A lead is anyone, be it an individual or an organisation that has shown some interest in what you have to offer. That interest is usually demonstrated by leaving their contact and personal details on your online form. The definition of a “proper lead” depends on your organisation and marketing goals. Some measure the success by the number of gated content downloads, while some measure by the number of conversions from a social media post. 

Here is a guide to set up your conversion goals on Google Analytics. 

  • Revenue 

Revenue is, without a doubt, the easiest way to track the success of any social media campaigns. However, it is easier to track if your product or service does not involve a long conversion process. For example, typical products of eCommerce sites such as household or edible items. 

The sum up, the clearer you are with your goals, the easier it is for you to plan towards achieving them. 

Research Your Competitors

Researching your competitors can provide massive information on what works and what doesn’t. Since both of you have similar offerings and target audience, it is a no-brainer to learn how to craft your content strategy from the competition. 

From them, you can find out what type of posts generate the most interactions and what falls flat. You can also identify which timing garners the most amount of response. 

Remember, there are no legal complications for copying the Social Media strategies of others. 

Research Your Audience 

There is a wide range of audience on social media. Each demographic may skew towards a particular social media platform.
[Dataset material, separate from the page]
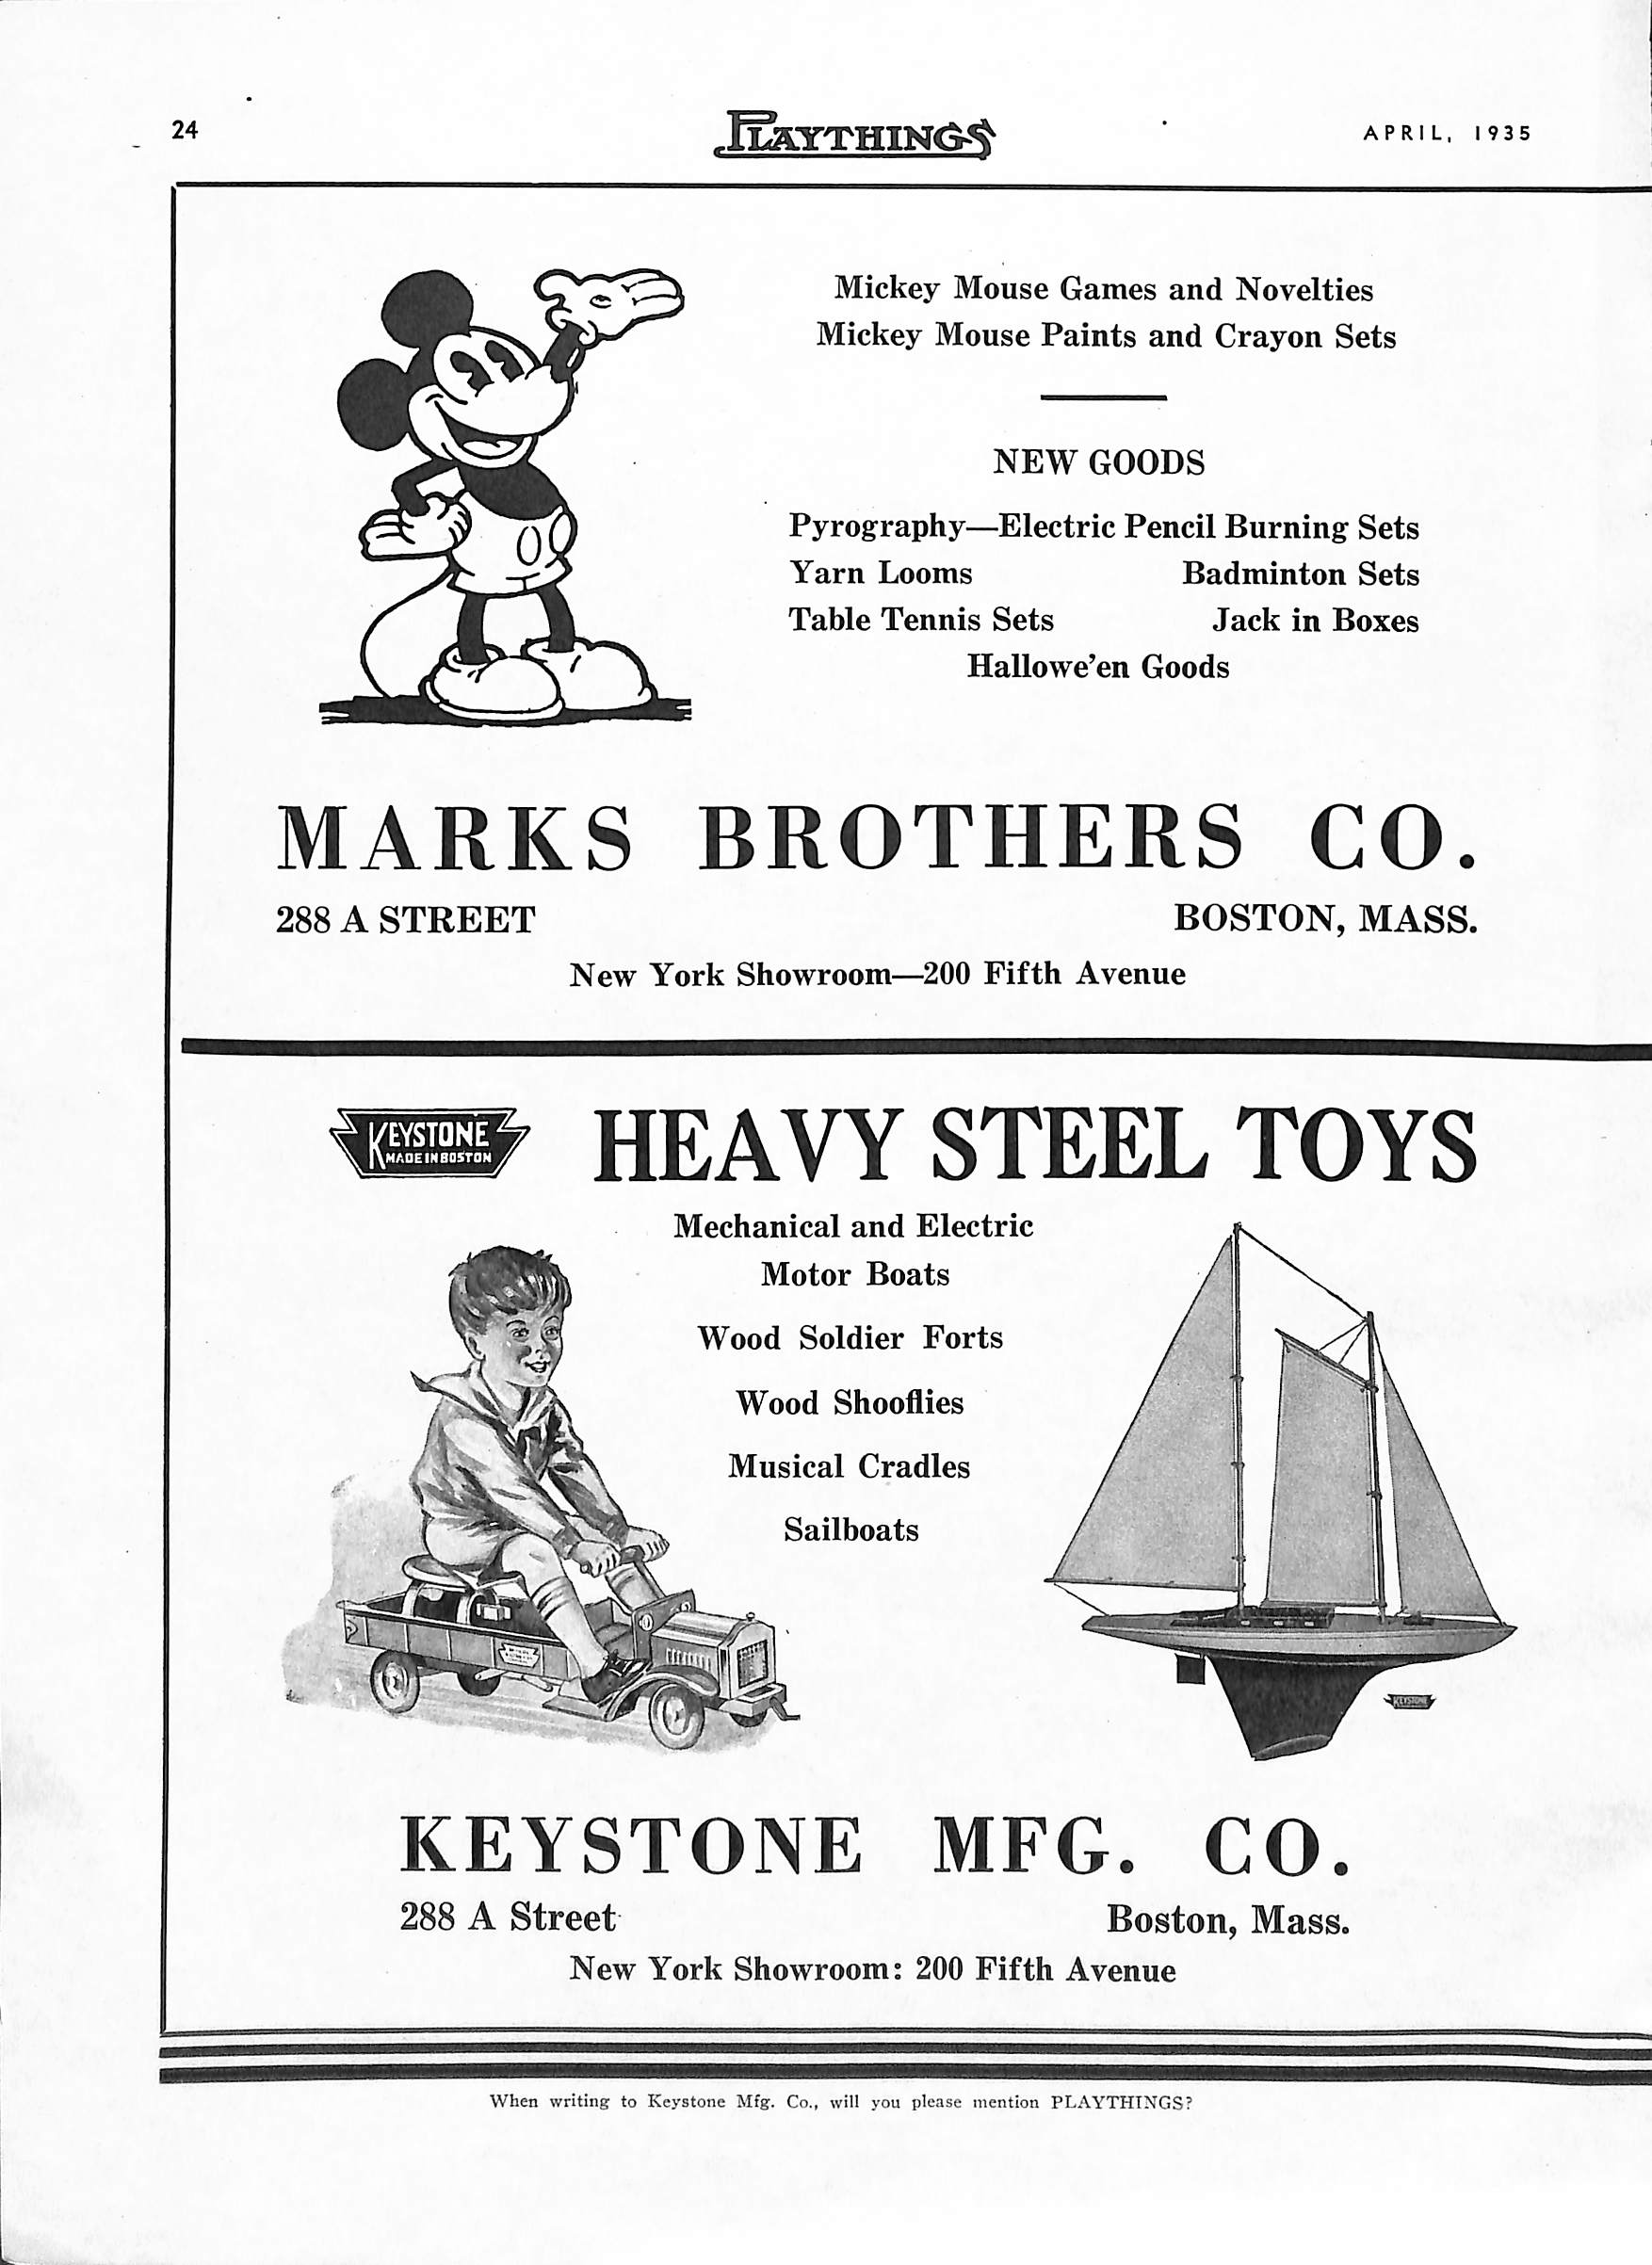 Playthings April 1935 Ad

To help you decipher which platform is best for your business, we have a complete guide to the various social media platforms and their demographics. 

Knowing where to run your campaign will help to generate the best possible ROI.                                          

Profiling your audience doesn’t stop there. You also have to be aware of the jargon, images, as well as the current affairs that resonate with them. This brings us to the next point. 

Find Out What is Relevant to Your Audience

Social media marketing in Singapore seemingly encompasses Youtube video ads, Instagram and Facebook ad placements, as well as joint social media and experiential marketing.

Speaking of ads, you can also study successful ads and campaigns that are targeted to the same demographic to understand the preferences of your audience. 

The Youtube Ads leaderboard for the second half of 2019 exemplifies the structure of video ads that resonated the most with Singaporeans. Most of the successful ads in Singapore have either strong Asian undertones, intriguing storyline, trends or social issues that resonate with locals. 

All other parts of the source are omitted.